As a teacher of analytical writing, I often have to ask my students to think about an argument by first stating their opinion about the argument and then asking themselves the question: “So what?”

This applies to writing pros as well.

So you’ve written that awesome fantasy novel crammed with all the lovely creatures, characters and sweeping New Zealand-like vistas you can imagine or you’ve penned that vampire romance with the plot that is not (in your opinion) run of the mill.  You’ve churned out a powerful drama about betrayal, lust and the death of a lovable character.  Now you must ask yourself: “So what?”

What I mean by this is simply what is this story contributing to the grand scope of things?  What is the underlying message of your prose?  Below are ten questions you should now ask yourself about your novel.  If you can answer yes to any of these, perhaps you should consider a major overhaul.

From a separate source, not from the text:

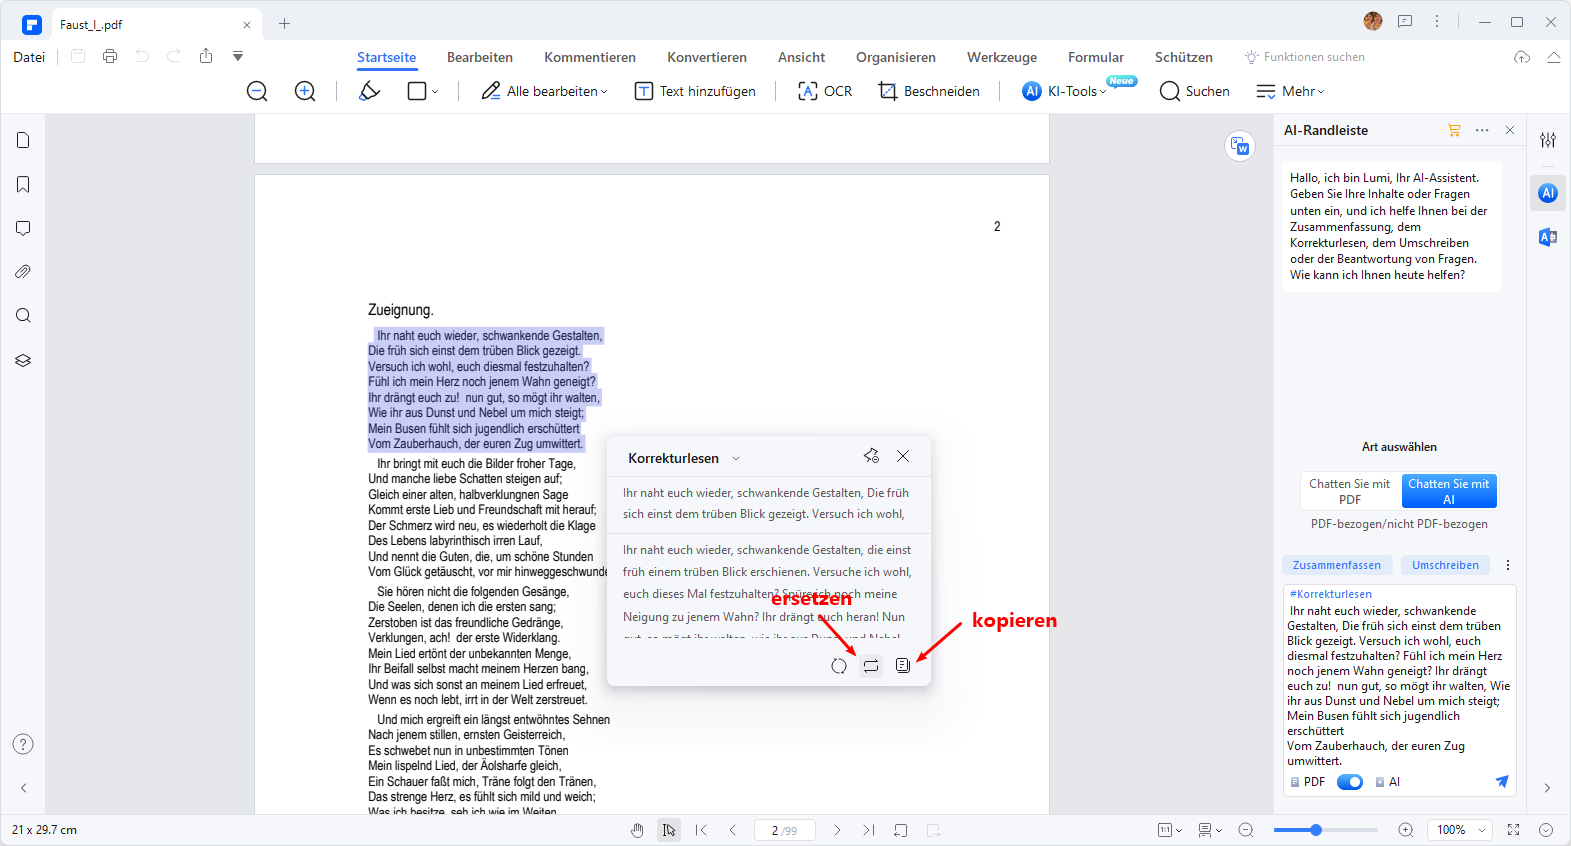 Sobald das Korrekturlesen abgeschlossen ist, stellt Lumi umgehend die verbesserte Version zur Verfügung. Über das Symbol "Ersetzen" können Sie den Originaltext direkt durch die korrigierte Version ersetzen. Alternativ können Sie den korrigierten Text mit der Klicken auf die Schaltfläche "Kopieren" kopieren und mühelos in Ihr aktuelles PDF oder ein neues Dokument einfügen, um ihn sofort zu verwenden.

  1. Is this story written to piggyback on the fame of any other writer?
  2. Is it difficult to nail down the universal theme that my story expresses?
  3. Is this story using the words “was” and “were” or any other “to be” verb more than five times per page?
  4. Does my protagonist reach a goal too quickly or too easily for a proof reader?
  5. Is my villain one dimensional? (Kind of the Darth Vader argument: “There is good in him”)
  6. Is my protagonist one dimensional? (He/she is too perfect or not flawed in some way)
  7. When reading through my chapters, are the settings not readily seen by the reader?
  8. Are the settings only backdrop? (Settings should always echo the mood or tone of the scene for a richer experience for the reader)
  9. Is my resolution at the end of the novel without closure?
  10. Is there another subplot I would like to explore?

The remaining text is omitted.